Table 1 Average absolute quantities and ratios of aromatic amino acids in tobacco plants (n=7 leaves from individual plants per condition) after transient expression of pEAQ-EV or pEAQ-EV + pN-AroG* constructs. The asterisk is part of the name used for the aroG* gene in this study.

Increased Trp or redox partner supply does not improve transient indican production

We wanted to test whether increasing Trp content would yield a corresponding increase in indican accumulation. An added benefit of the pBJ1-1 and -2 constructs is that we can co-express additional proteins by swapping them into the empty cloning site on the pEAQ-EV vector we co-infiltrate to deliver P19 (Figure 4A). This allows us to keep the total number of T-DNAs introduced constant and ensures consistent tnaA and CYP2A_B49 expression levels in each comparison. Upon co-infiltration of pEAQ-AroG* with pBJ1-1 we unexpectedly saw a drop in indican productivity compared to pBJ1-1 with pEAQ-EV (Figure 4B). To investigate whether this drop might be caused by an overall reduction in the activity of our pathway, we compared the accumulation of indole in our control (EV) and AroG* co-infiltrations by UPLC-UV. When co-infiltrating pBJ1-1 with AroG* we saw approximately four times more indole than with pEAQ-EV (Figure 4C). We also carried out untargeted MS analysis to investigate whether any other metabolite changes could explain the reduction in indican observed. Samples from co-expression of AroG* were clearly separated from EV control in PCA analysis (Supplementary Figure S3A). The main drivers of the separation were the aromatic amino acids as well as de-aminated and de-carboxylated Trp derivatives (Supplementary Figure S3B).
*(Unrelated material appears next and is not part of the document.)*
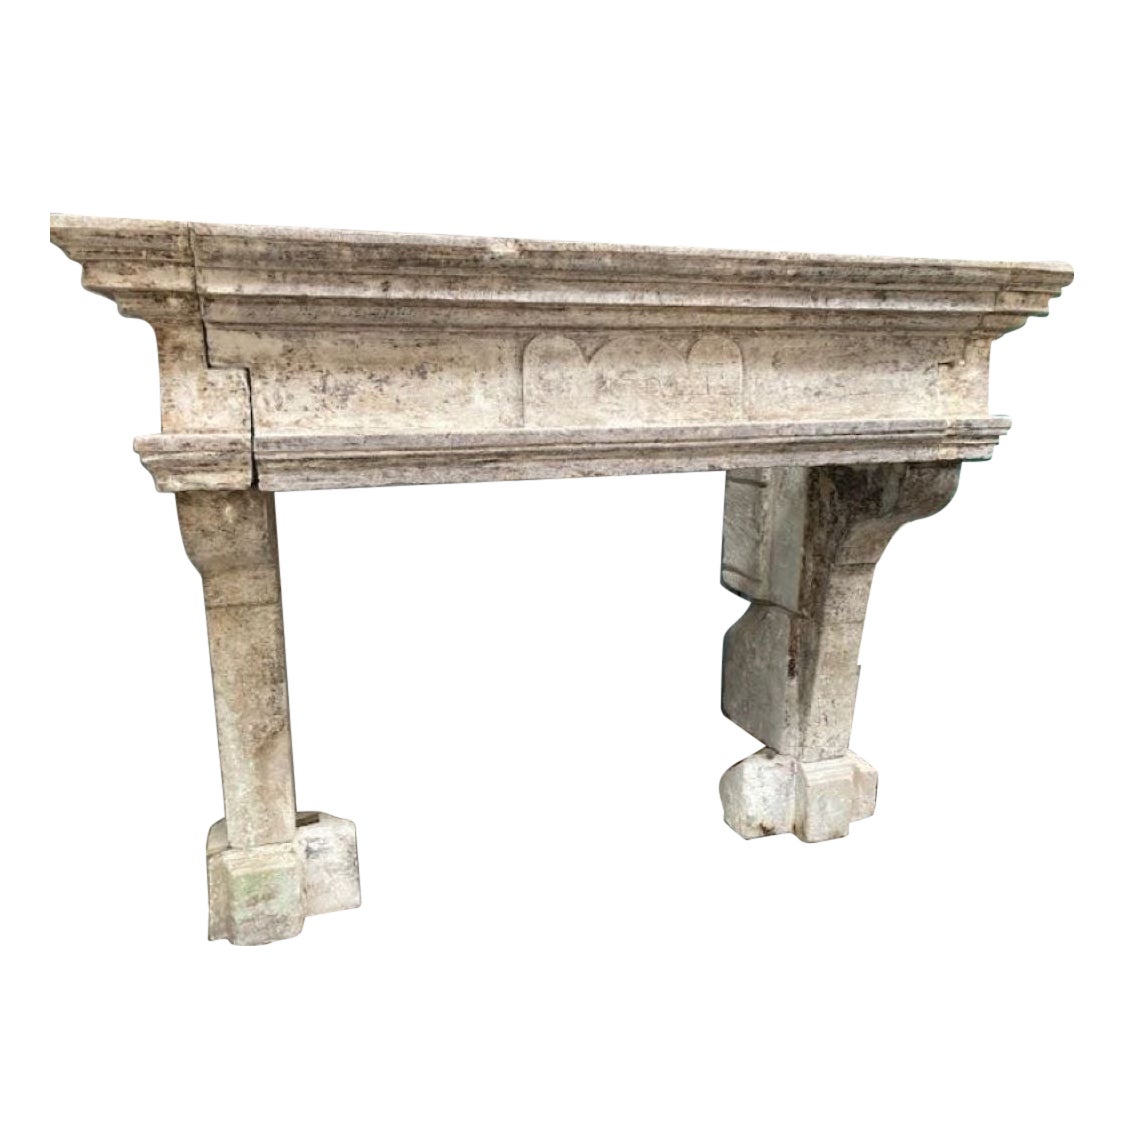 Early 18th Century Limestone Fireplace Mantel with Date Inscription '1713' For Sale

Four compounds spectrally matched to 2-oxindoles mirrored the accumulation pattern observed for indican (Figure 4B, Supplementary Figure S4). Two of the features had retention times that coincided with indican, and probably arose from in-source fragmentation.

FIGURE 4

Figure 4 (A) Schematic of vector combinations used in this experiment. The transmembrane domain of CYP2A_B49 is indicated by a black bar. pBJ1-1 vector was co-infiltrated with either pEAQ-EV or a pEAQ containing AroG* or one of four redox partners. (B) Indican productivity upon co-infiltrating pBJ1-1 with pEAQ constructs carrying different transgenes. Two independent transient expression experiments were performed, and plants analyzed for indican at 5 dpi. Bars show average indican accumulation (n = 8 infiltrated leaves from individual plants per construct combination) with error bars indicating SD. (C) Indole concentrations quantified at 5 dpi in extracts from tobacco plants infiltrated with pBJ1-1 and either pEAQ-EV or pEAQ-AroG*. Bars show averages from a single experiment (n = 5 infiltrated leaves from individual plants per construct combination)with error bars indicating standard deviation.
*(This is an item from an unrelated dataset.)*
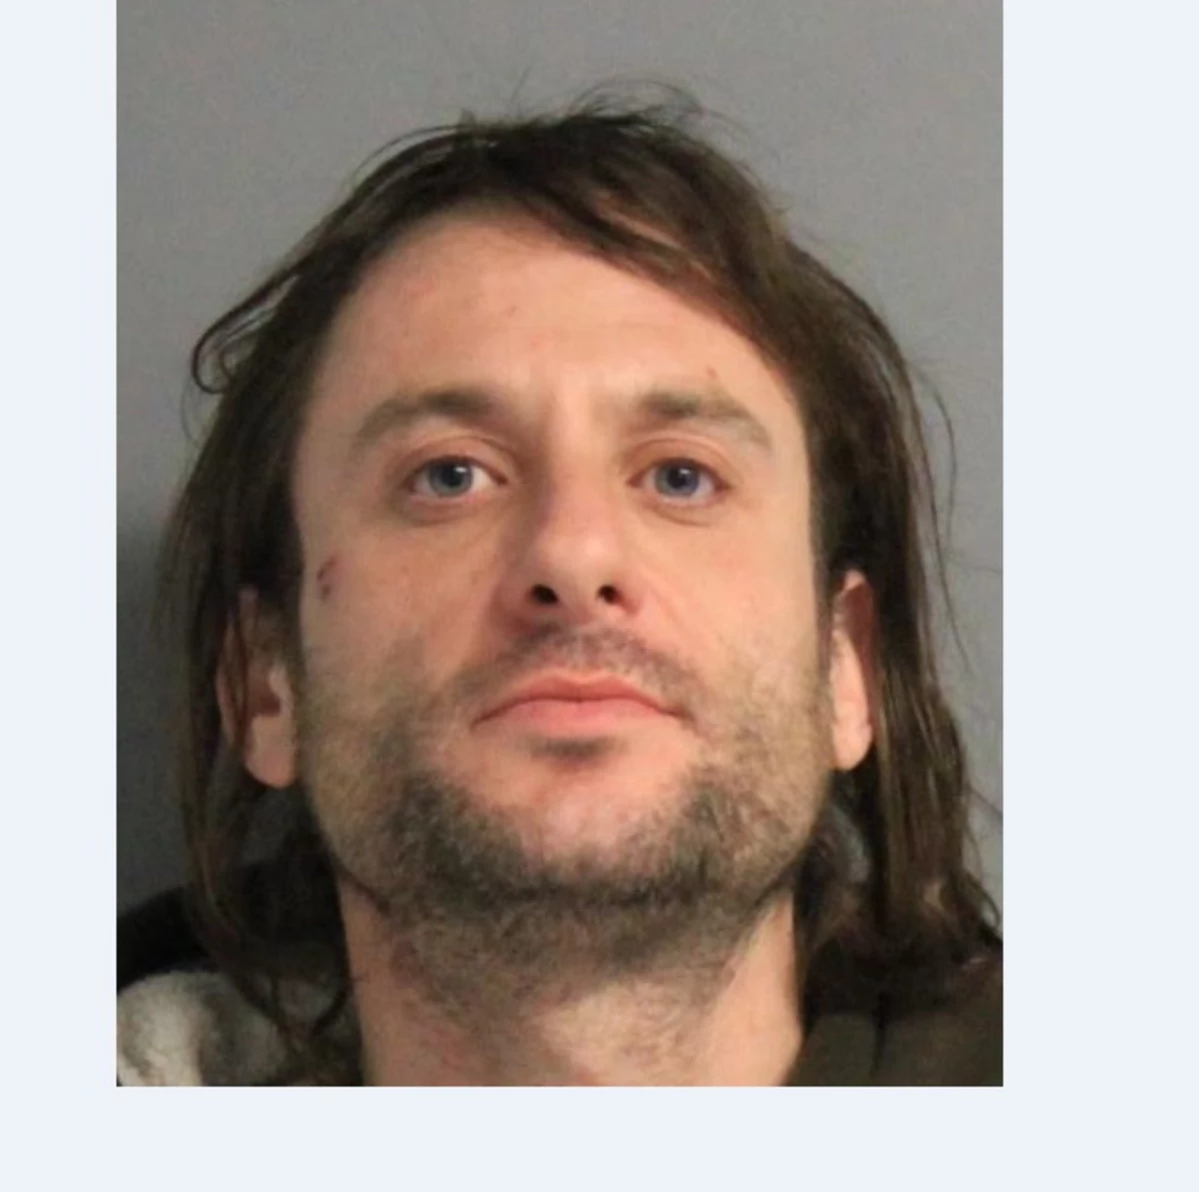 Sullivan County Man Arrested for Stealing TV and Jewelry

Next, we tested whether increasing the supply of reducing power to CYP2A_B49 might improve indican biosynthesis. We previously showed that it is possible to insert redox partners into the photosynthetic electron transfer chain at the photosystem I-stroma interface to alter the distribution of photosynthetically generated reducing power within the chloroplast. An engineered soluble flavodoxin-like protein derived from plant CPR could thus interact with and accept electrons directly from PSI (Mellor et al., 2019). To test whether the same could hold for our indican biosynthetic system, we introduced additional redox partners. As for AroG* co-expression, redox partner expression constructs were encoded on the pEAQ vector to avoid introducing additional T-DNAs into the infiltration mixture. We chose three soluble redox partners, namely AtFd1, which we have previously shown to be the ferredoxin best able to support light-driven activity of Sorghum CYP79A1 (Mellor et al., 2019), the cyanobacterial flavodoxin IsiB⁶⁸⁰³ from Synechocystis sp. PCC6803, and the flavodoxin-like domain from human CPR, HsCPR^62-241, truncated to produce an independent soluble flavodoxin-like protein similar to the flavodoxin-like protein we previously generated from Sorghum CPR2b (Estrada et al., 2016; Mellor et al., 2019). We also wanted to test whether introducing the full-length CPR, and thus moving competition for reducing power from the level of ferredoxin to NADPH (Figure 4A) would improve overall activity. When we co-infiltrated pEAQ vector carrying either redox partner we saw a similar productivity as in AroG* co-expression, except for co-expression of HsCPR^fl, in which case indican accumulation was about 25% that of the EV control (Figure 4B). These results show that productivity is not limited by availability of indole or redox supply, and that expressing additional transgenes from the pEAQ vector has detrimental effects on indican yield.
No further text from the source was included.